AHI Senior Fellow Lee Cheek, Dean of the Social Sciences and Professor of Political Science, East Georgia State, participated in the colloquium.  AHI Charter Fellow Robert Paquette served as moderator of a diverse group of fourteen participants that included Liberty Fund Senior Fellow Steven D. Ealy.

Liberty Fund, a private, non-profit educational foundation headquartered in Indianapolis, Indiana, has as its primary mission the serious “study of the ideal of a society of free and responsible individuals.”  Each year Liberty Fund sponsors more than 100 conferences in the United States and in foreign countries.
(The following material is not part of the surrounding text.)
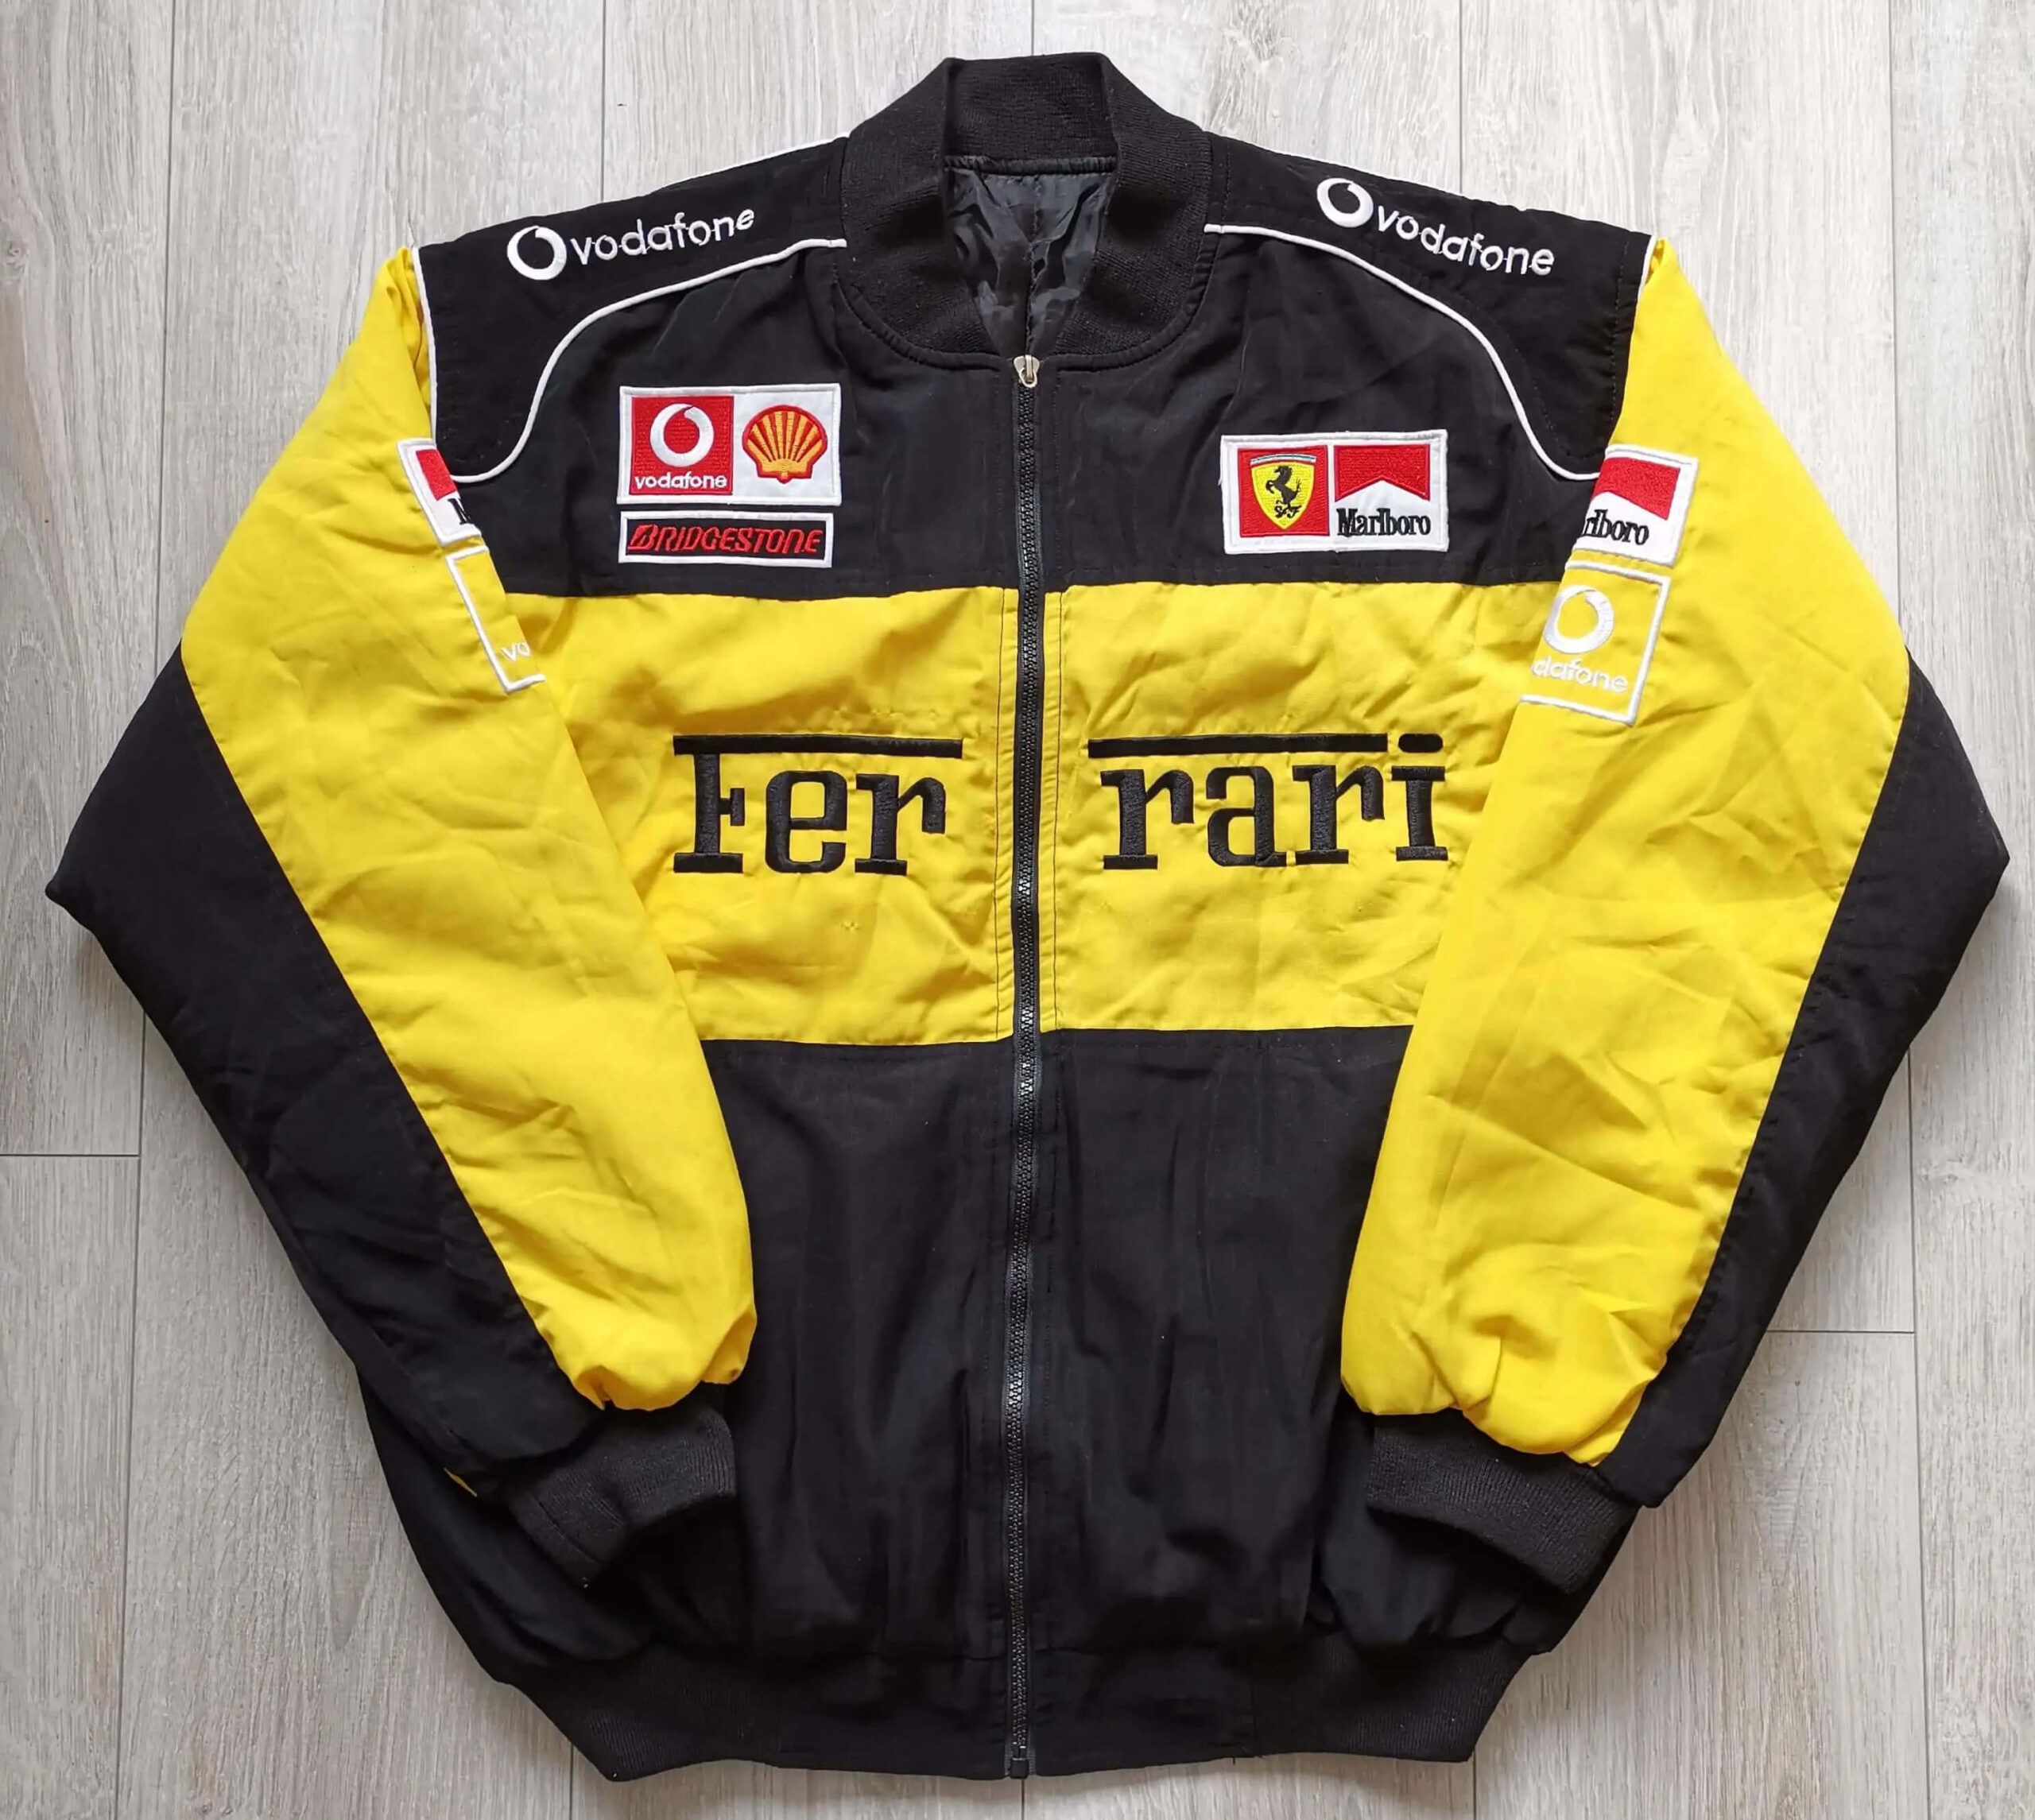 Michael Schumacher Ferrari Racing Bomber Jacket - Maker of Jacket

Invited participants receive royal treatment, often in an unusually beautiful and welcoming setting, as well as a set of prescribed readings that will be the focus of spirited, yet civil conversation and debate.  Liberty Fund officials like Dr. Ealy monitor the proceedings and evaluate the performance of the participants.

In six sessions over two days, participants delved into the following topics:  “Patriotism and Identity in the American Context”; “Washington and Republican Patriotism in Joseph Addison’s Cato”; Lincoln’s Patriotism and the Meaning of the Union”; “Roosevelt, Coolidge, and Kennedy”; “Civic Nationalism and Patriotism”; and “Patriotism and Cosmopolitanism.” Participants examined the differences between patriotism and nationalism, American exceptionalism and American triumphalism, and civic republicanism and liberalism. Paquette convened the discussion by asking participants to contemplate the meaning of “public orthodoxy,” a term drawn from the Greek word politeia, which defines that “matrix of convictions, usually enshrined in custom and folkways,’ often articulated formally and solemnly in charter and constitution, occasionally summed up in the creed of a church or the testament of a philosopher, that make a society The Thing it is and that divides it from other societies as, in human thought, one thing is always divided from another.”  If such a public orthodoxy exists, how should it be nurtured and defended and what are the implications posed by a public orthodoxy for the limits of tolerance and for the openness of a liberal society.

The notion of public orthodoxy draws on the writings of thinkers as diverse as Edmund Burke, T. S. Eliot. Leo Strauss, and Willmoore Kendall.  In the final session, participants addressed the meaning of a civic education, whether such a thing as a citizen of the world exists and whether a cosmopolitan or multicultural education actually advances its stated goals to make the world a better place or fosters dangerous illusions by thinking a moral community can be advanced without first securing what Burke referred to as the little platoons: family, community, and private associations.